### TO DO
Each line below from the "Black Sports Shoes" line through the "Disney Pixar Cars" line, those two included, must be restated word for word; the pictures must not be.

### DATA PROVIDED

※

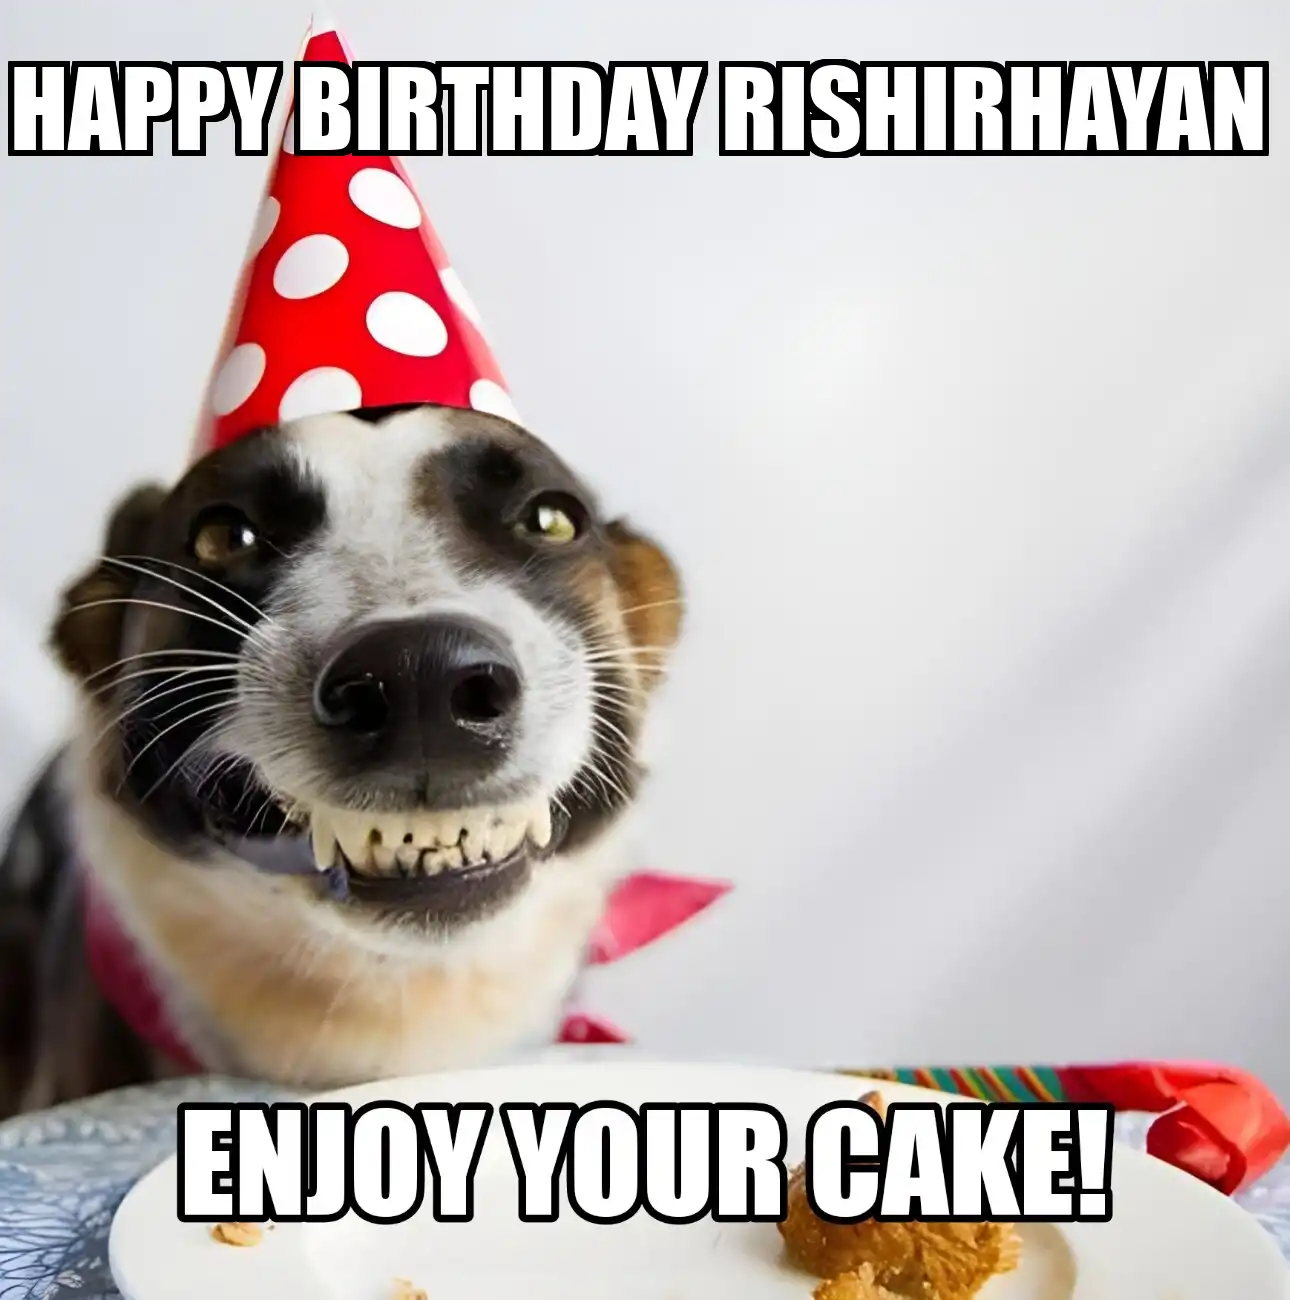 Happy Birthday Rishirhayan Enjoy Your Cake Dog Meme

※

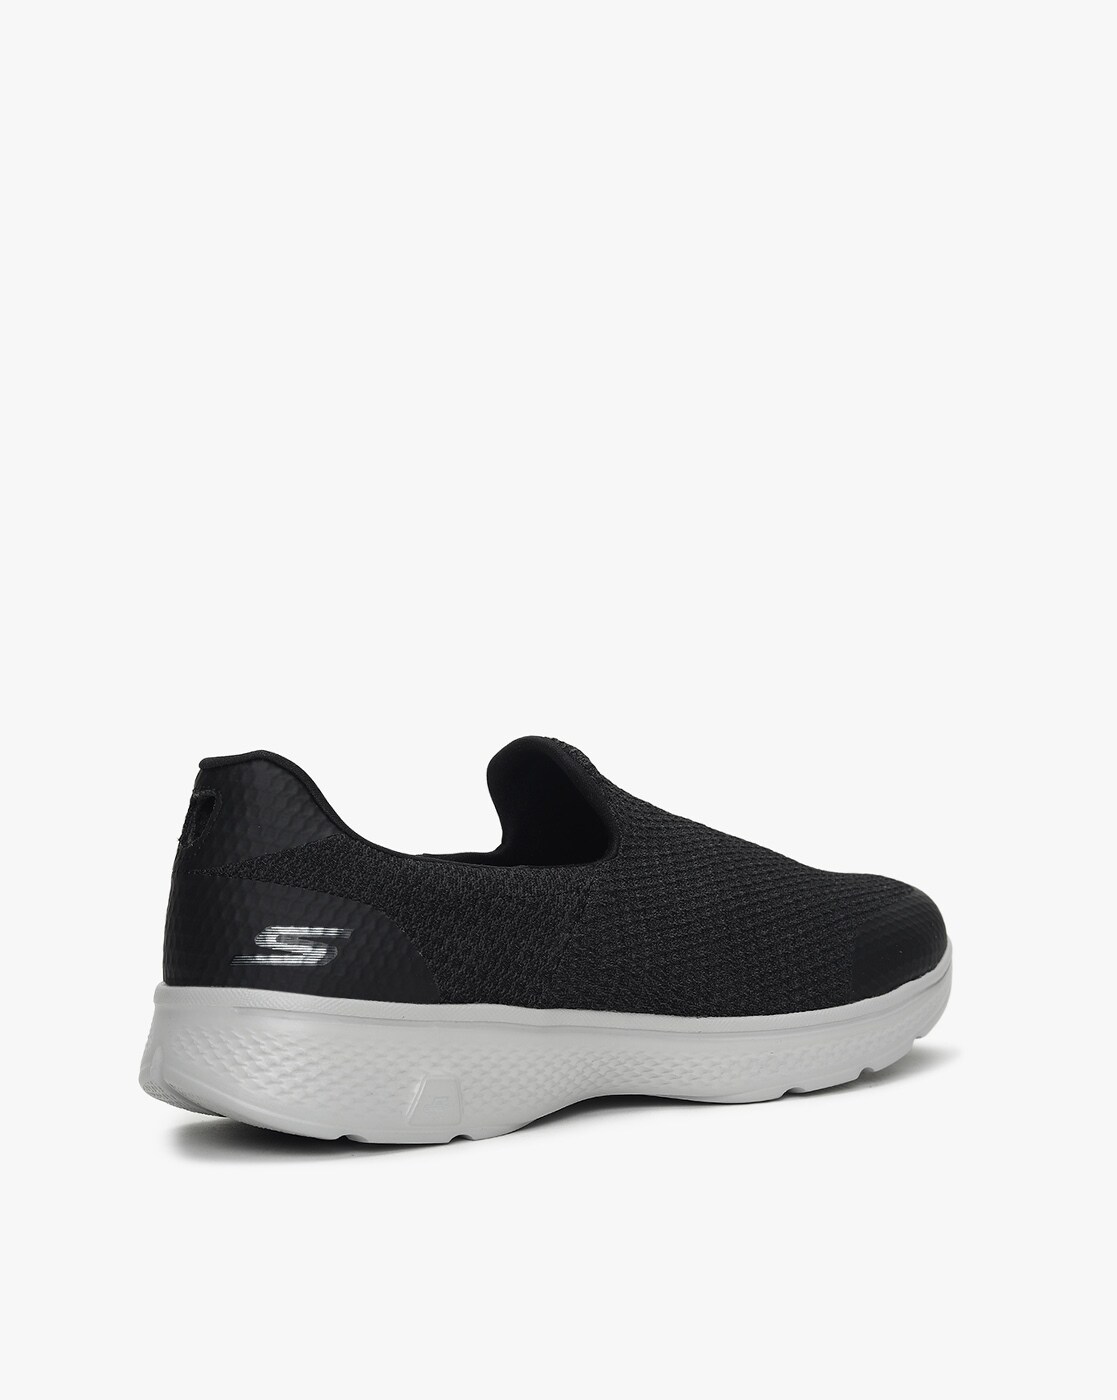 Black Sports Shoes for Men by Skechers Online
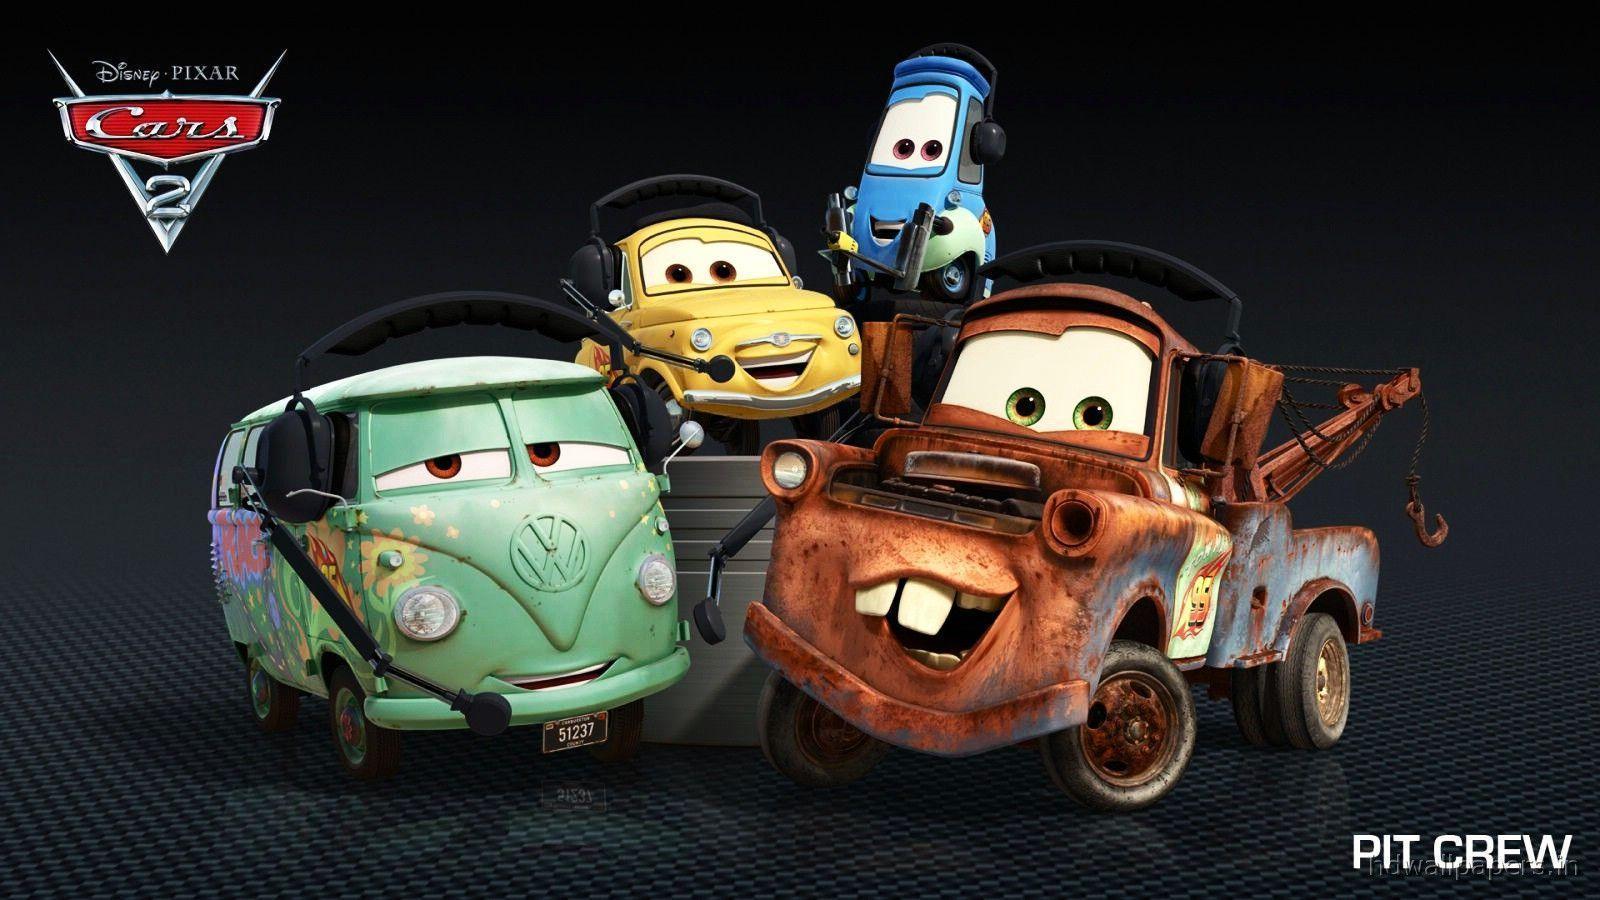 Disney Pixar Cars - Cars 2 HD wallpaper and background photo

※

### EXPECTED OUTPUT
 Black Sports Shoes for Men by Skechers Online
 Disney Pixar Cars - Cars 2 HD wallpaper and background photo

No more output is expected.